No. Currently the Traditional DNP program at FIU is only open to advanced practice nurses prepared as Nurse Practitioners (e.g., ANP, GNP, PNP, FNP, etc.), Certified Nurse Specialist (CNS), Certified Nurse Midwife (CNM), or Certified Registered Nurse Anesthetist (CRNA), and who have their Master of Science in Nursing (MSN) degree.
- Are you still offering MSN degree programs?Yes, the NWCNHS at FIU is offering the MSN Nurse Educator and the MSN NP programs in the specialties: Adult Gerontology PC NP / Family NP / Pedi NP / Psych-Mental Health NP.
- How is a DNP different from the PhD in Nursing?
The DNP focuses on providing leadership for evidence-based practice. This requires competence in translating research in practice, evaluating evidence, applying research in decision-making, and implementing viable clinical innovations to change practice. Emphasis is placed on a population perspective, how to obtain assessment data on populations or cohorts, how to use data to make programmatic decisions, and program evaluation. The PhD program at FIU offers training and education in the formal research role.
- Why has the advanced nursing practice moved toward a DNP? Is there a gap in clinical practice?
Recent reports from the Institute of Medicine describe the challenge of healthcare and represent a mandate for change in the educational program for the health professions. Nurses are constantly working with individuals who have a higher level of preparation in their respective fields. Nursing educational preparation and the time commitment ought to be analogous to other members in the health professions such as Pharmacist (PharmD), Physical Therapist (DPT), Occupational Therapist (OTD), Social Workers (DSW), and Audiologist (AuD) that have all also moved to preparation at the clinical doctoral level. The DNP provides a clinical option for advanced preparation in nursing practice that is more comparable to other interprofessional educational programs.
- Does implementation of the DNP mean that current advanced practice nurses will no longer be permitted to practice without a doctorate?
No, nurses with master's degrees (MSN) will continue to practice in their current capacities. Recommendations are included in the Roadmap Task Force report on how to facilitate rapid transition to the DNP for master's-level nurses seeking this credential. It is yet to be finally determined but nursing has a history of “grandfathering” in current practitioners as we transition to new standards. However, there will soon come a point where a DNP degree is required to be eligible to become a new advanced practice nurse.
- Will the DNP program at FIU prepare me to assume a role as a physician?
No. Nursing and medicine are distinct health disciplines that prepare clinicians to assume distinct roles and meet different practice expectations.

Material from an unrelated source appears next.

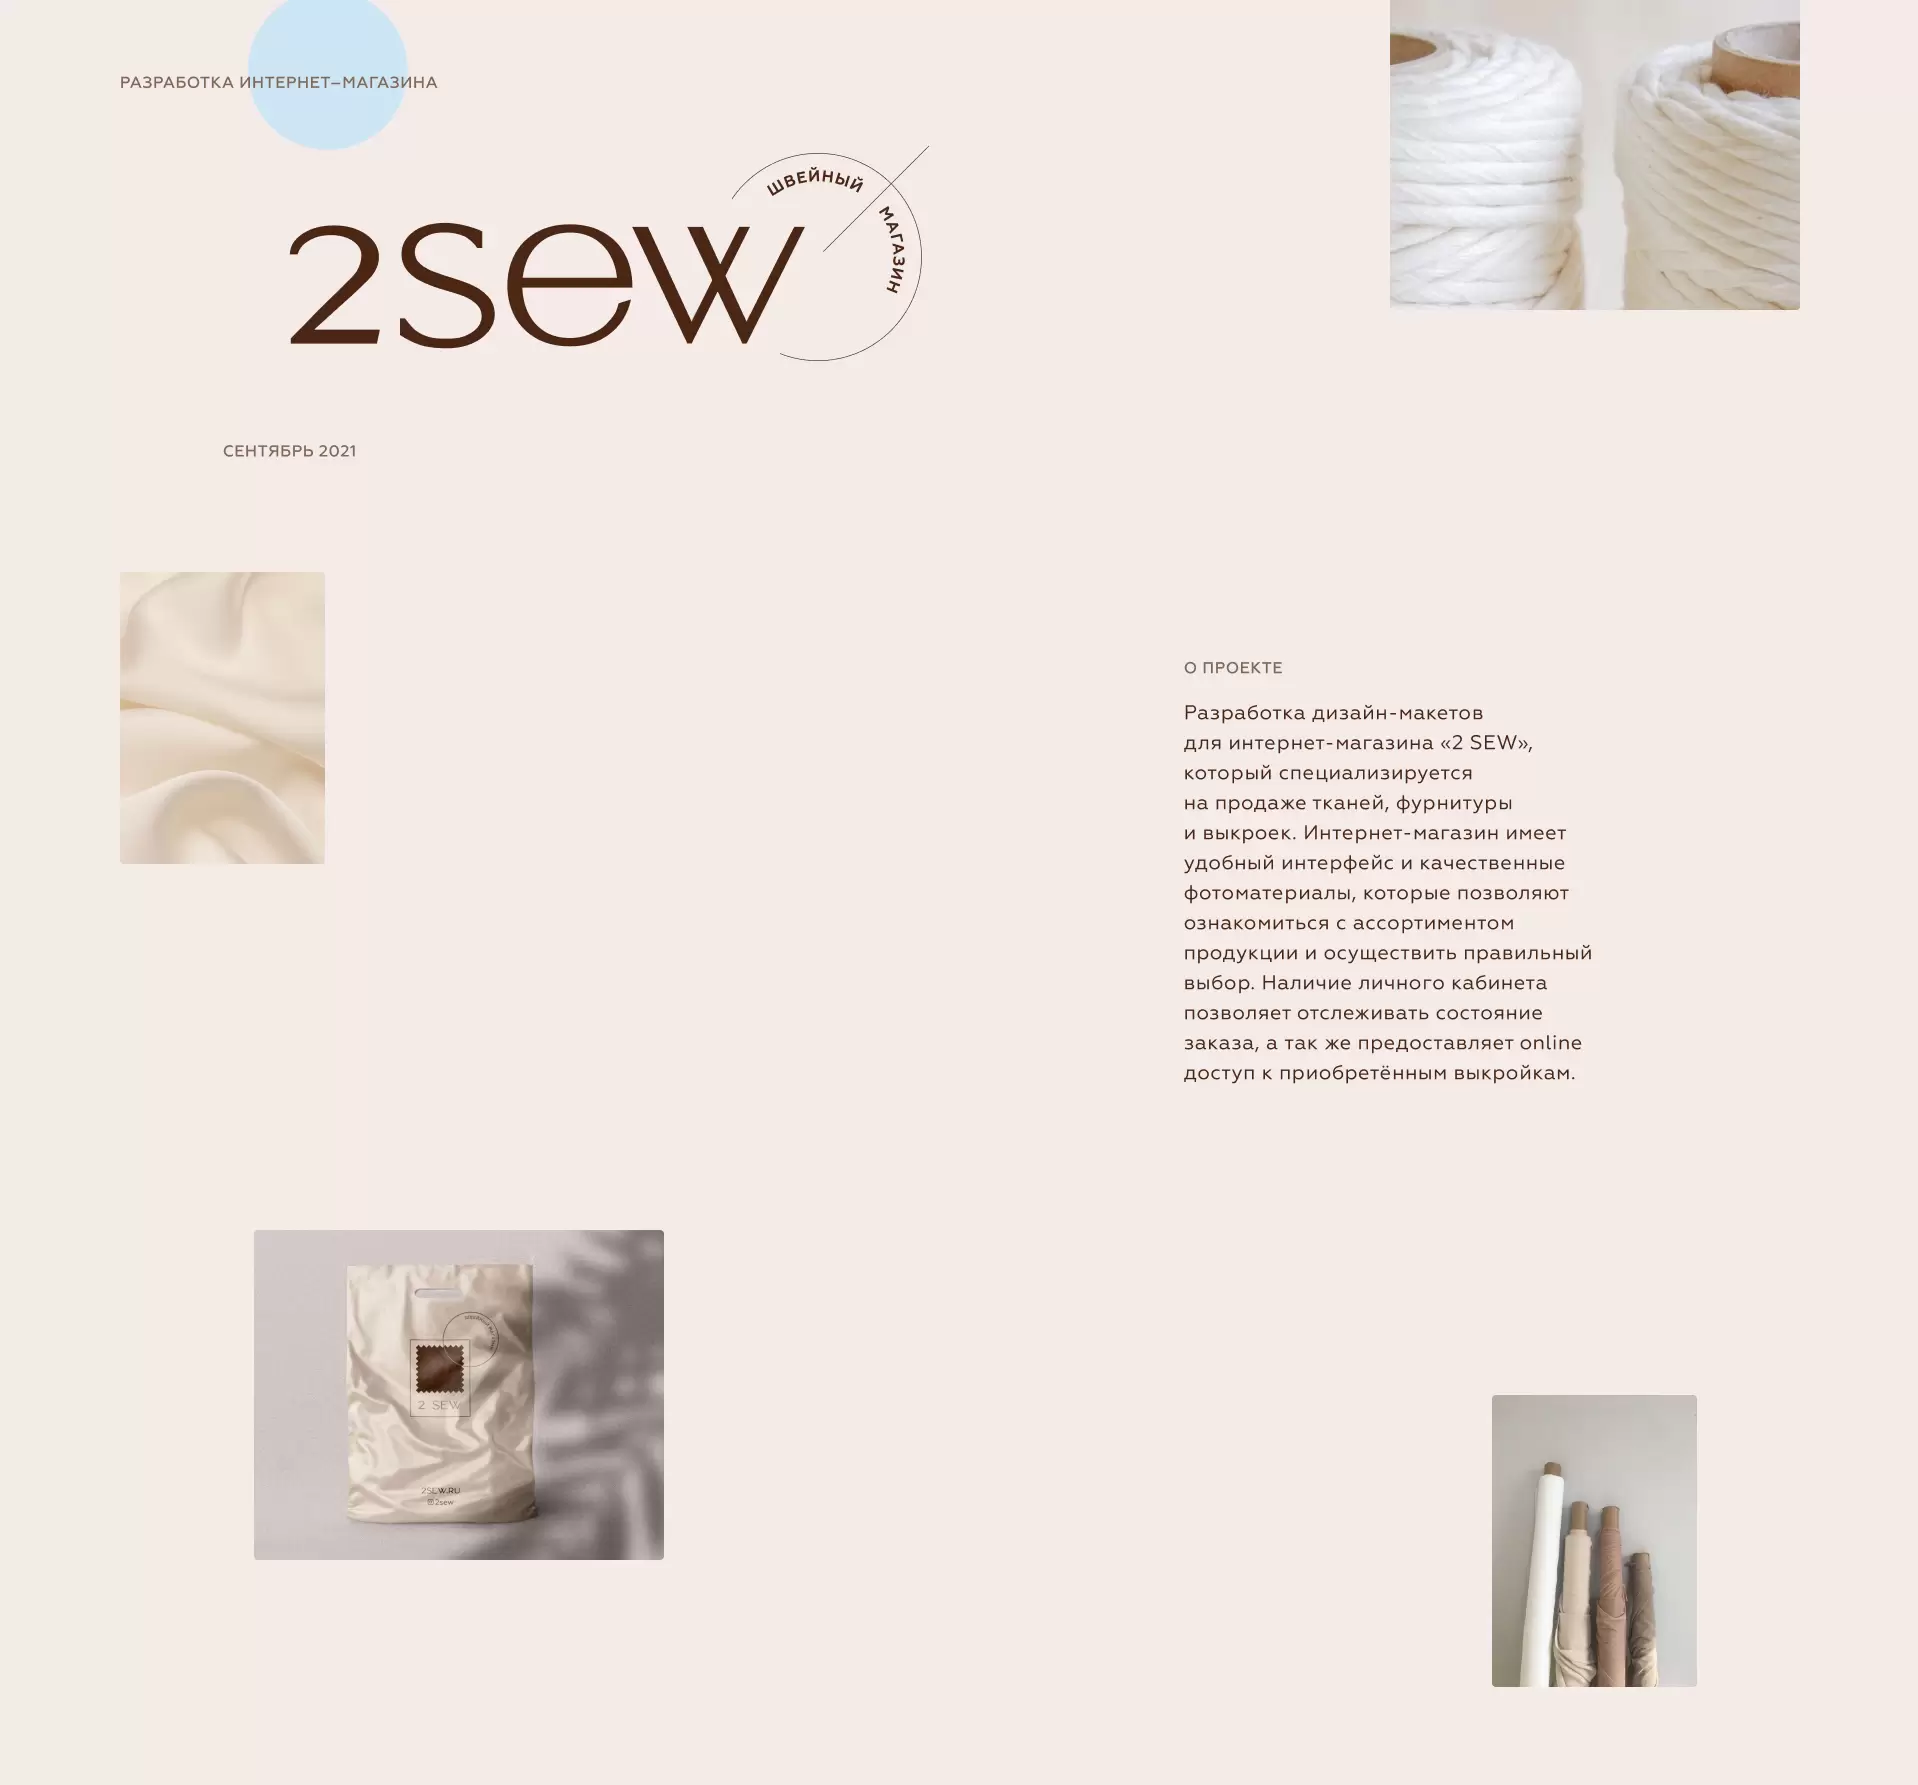 Швейный магазин «2SEW»

The DNP program at FIU will prepare nurses for the highest level of nursing practice. Transitioning to the DNP will not alter the current scope of practice for advanced practice nurses as outlined in each state's Nurse Practice Act.
- What is a good reliable information resource about the DNP?
The American Association of Colleges of Nursing (AACN) maintains a current up to date website that includes information about the DNP.